Since RAM and hard drives are slow, CPUs try to store data in "little RAMs" known as the L1, L2, and L3 caches. These caches are super-fast, but super-small. However, if you can design an algorithm to repeatedly use the same memory, these caches can speed things up by an order of magnitude. For instance, this site discusses optimizing matrix multiplication for cache reuse. The speed-ups are dramatic:
The speed of the naive implementation (3Loop) drops precipitously for everything about a 350x350 matrix. Why is this? Because double-precision numbers (8 bytes each) are being used, this is the point at which the 1MB L2 cache on the test machine gets filled. All the speed gains you see in the other implementations come from strategically reusing memory so this cache doesn't empty as quickly.
Caching in your algorithm
Your algorithm, by definition, does not reuse memory. In fact, it has the lowest possible rate of memory reuse. That means you get no benefit from the L1, L2, and L3 caches. It's as though you've plugged your CPU directly into the RAM.

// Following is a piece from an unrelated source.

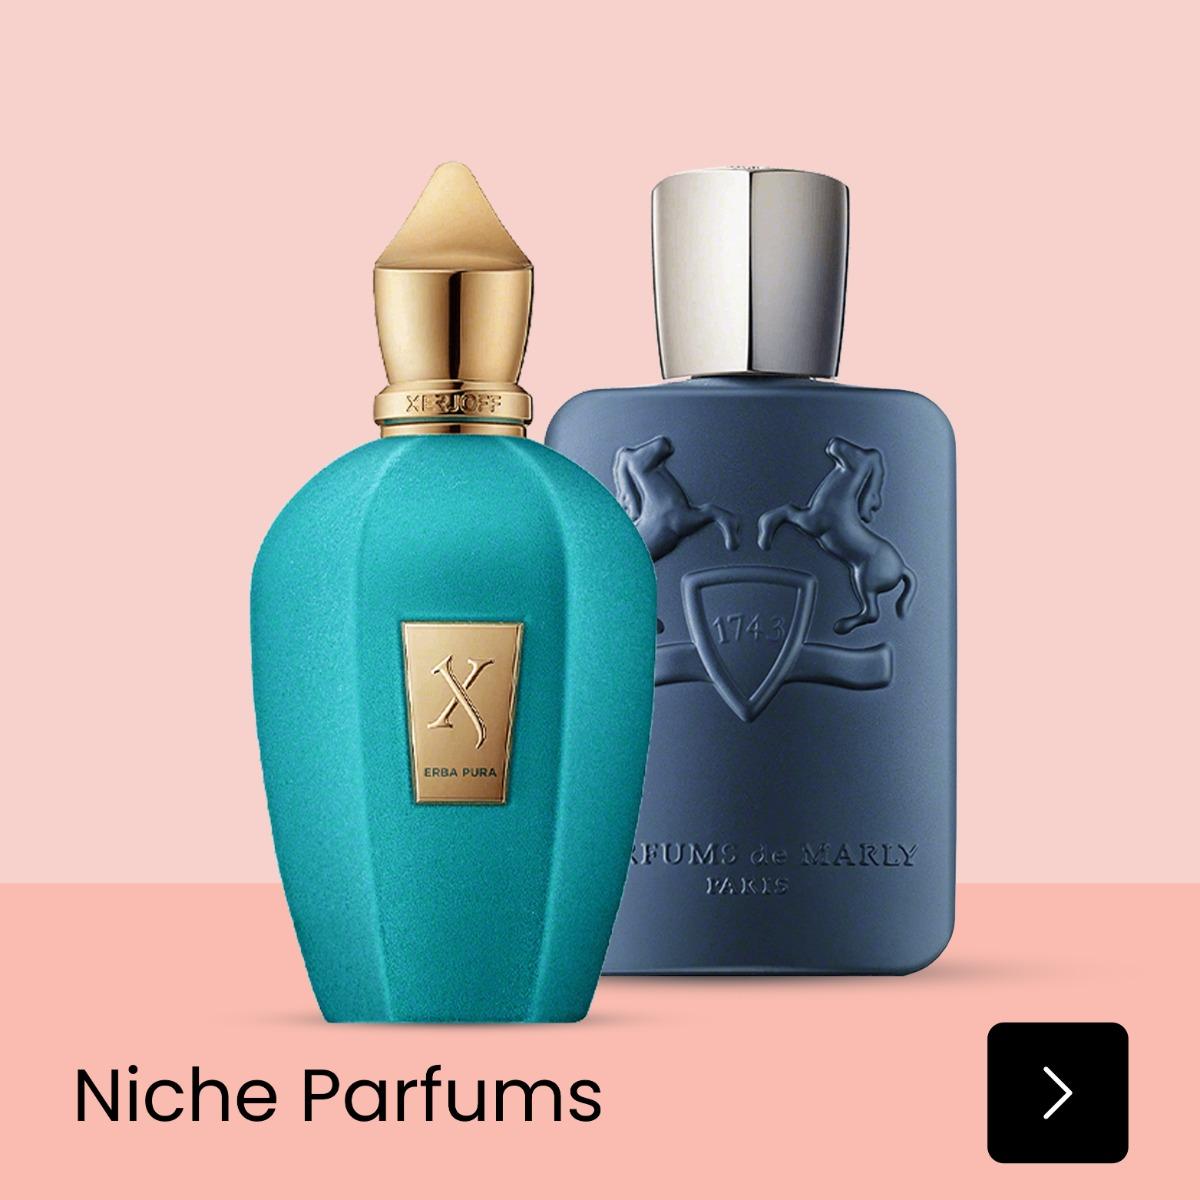 Niche parfums

How do you get data from RAM?
Here's a simplified diagram of a CPU:
Note that each core has it's own, dedicated L1 cache. Core-pairs share L2 caches. RAM is shared between everyone and accessed via a bus.
This means that if two cores want to get something from RAM at the same time, only one of them is going to be successful. The other is going to be sitting there doing nothing. The more cores you have trying to get stuff from RAM, the worse this is.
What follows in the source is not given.